The data that follows is to be copied exactly, with each image removed.

THE DATA:
- - -

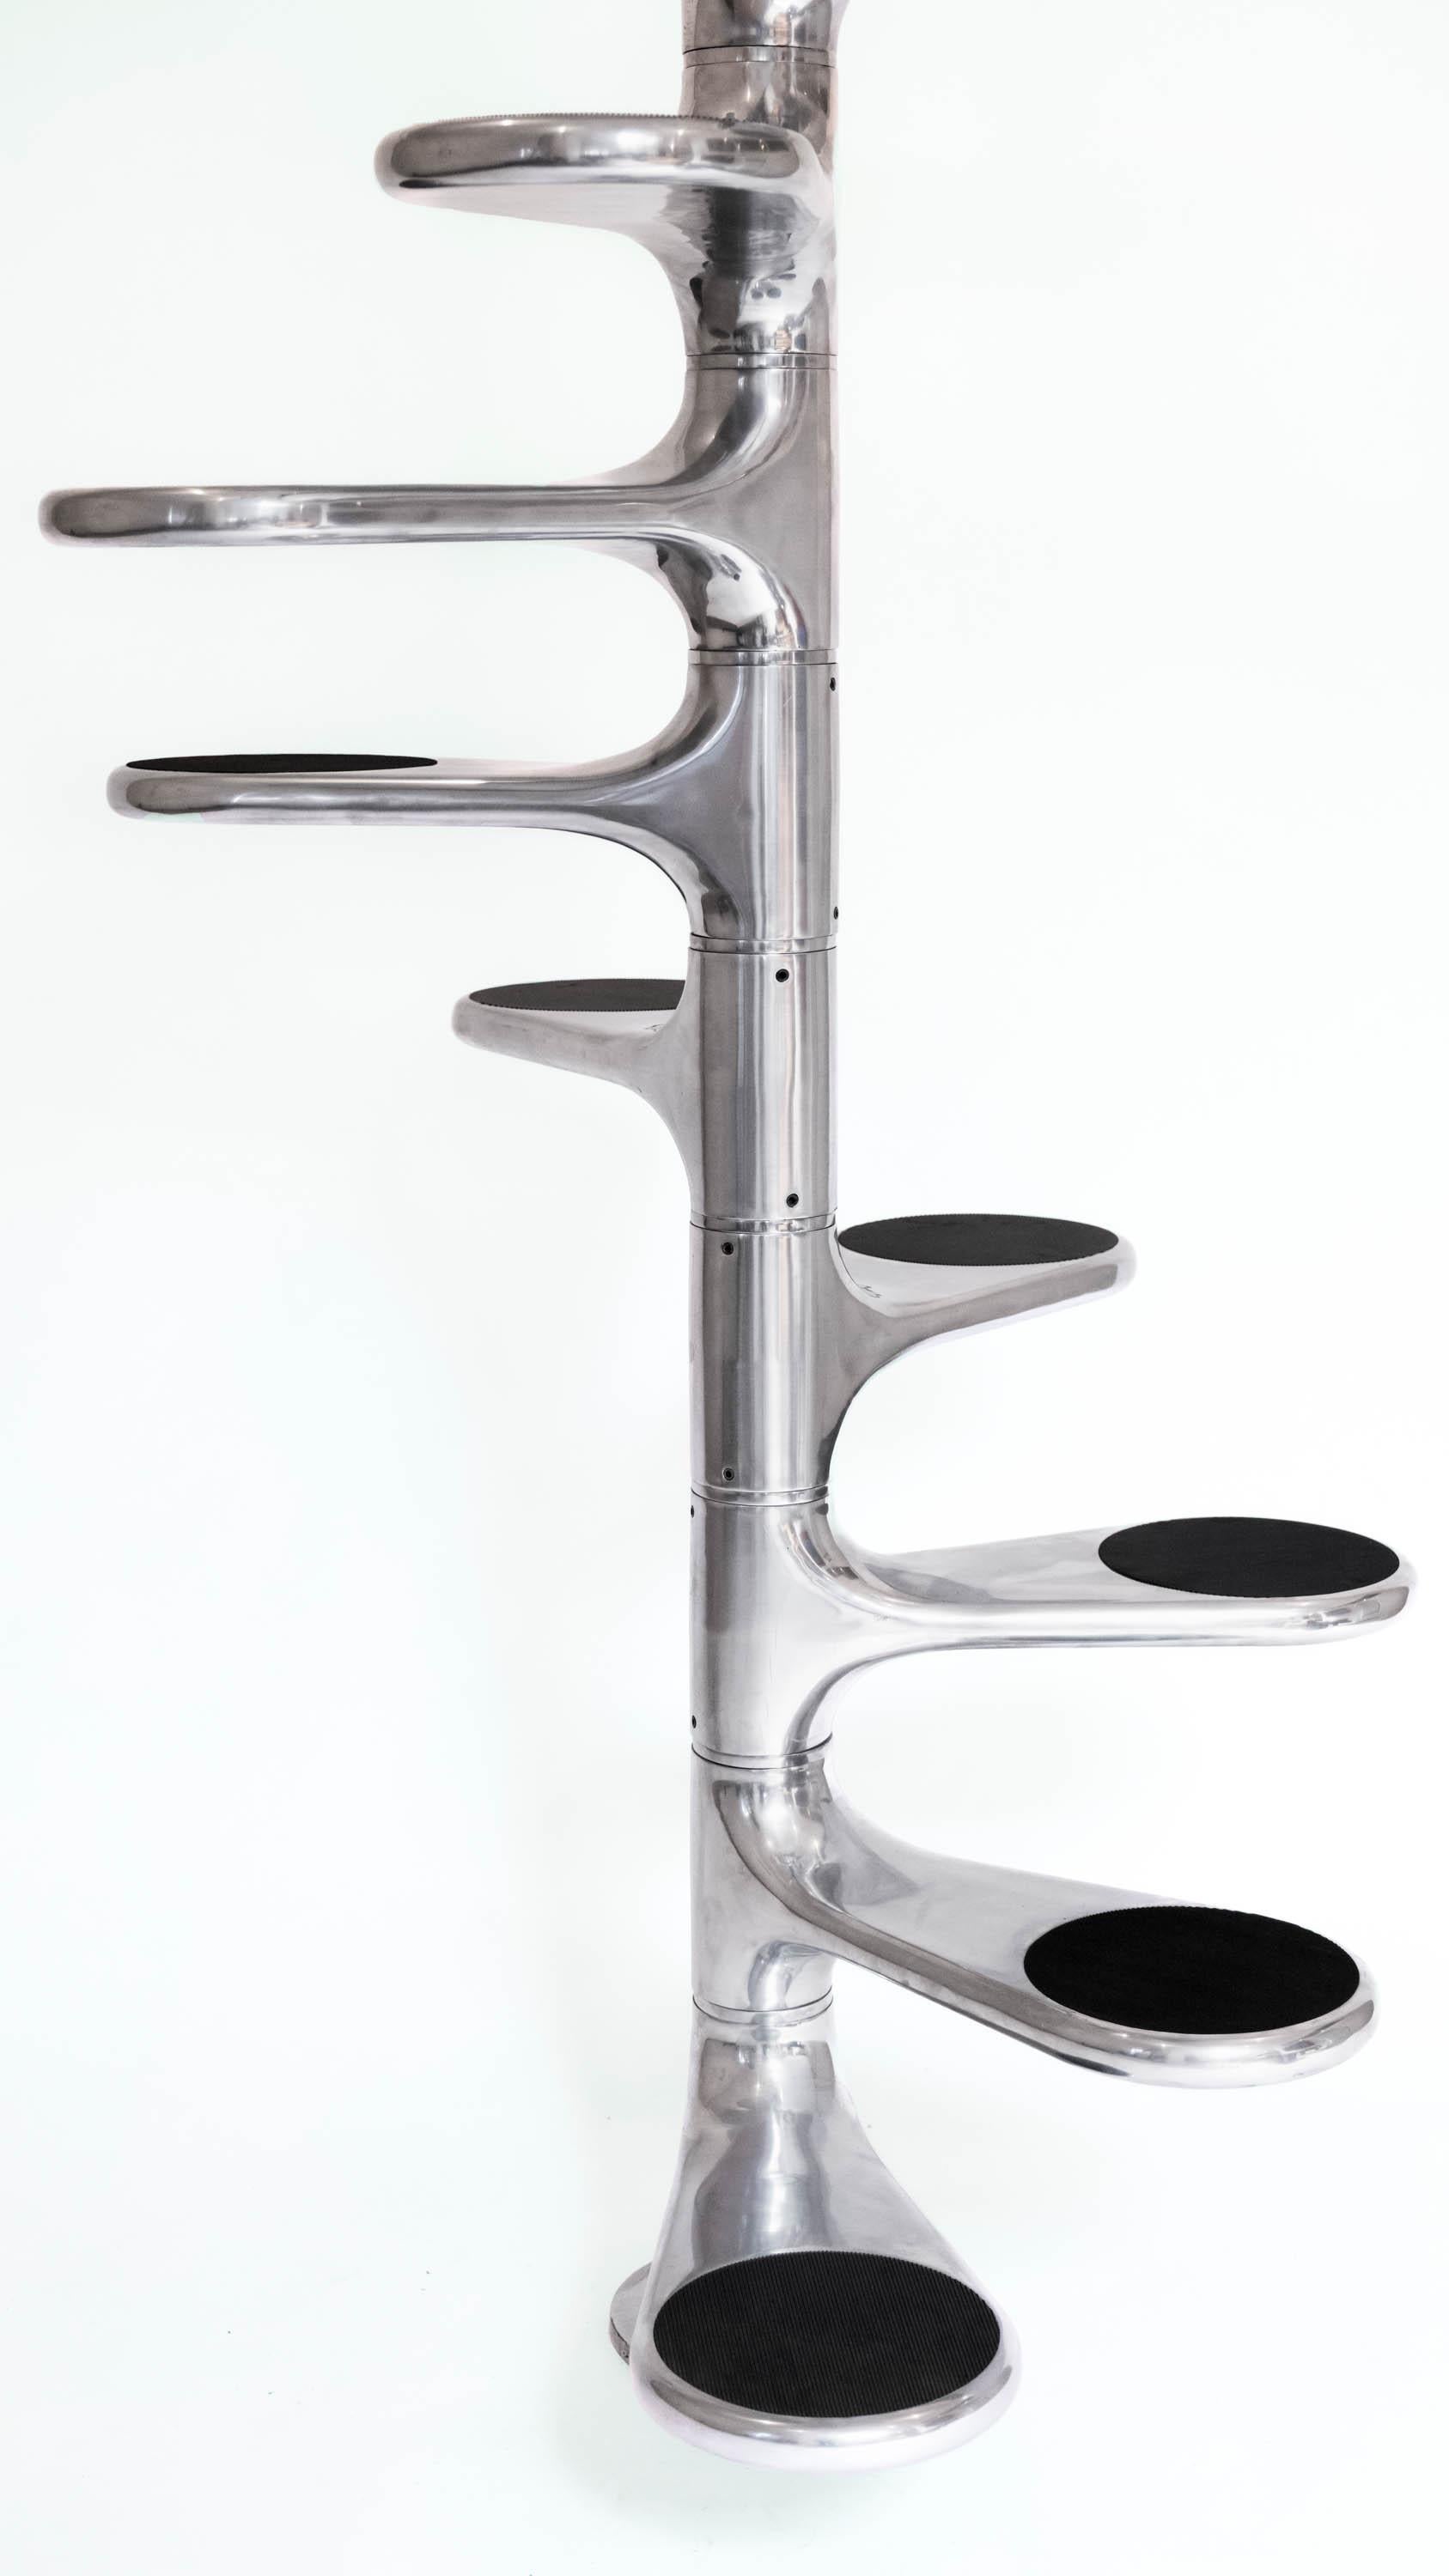 HELICOID STAIRCASE
ROGER TALLON

Helicoid staircase, also known as Escalier M400, designed by the French industrial designer Roger Tallon, produced by Sentou. 13 total steps in cast and polished aluminum with black non slip rubber on the surface.

- - -

SOLUTION FOR THIS PROBLEM:
 HELICOID STAIRCASE
ROGER TALLON

Helicoid staircase, also known as Escalier M400, designed by the French industrial designer Roger Tallon, produced by Sentou. 13 total steps in cast and polished aluminum with black non slip rubber on the surface.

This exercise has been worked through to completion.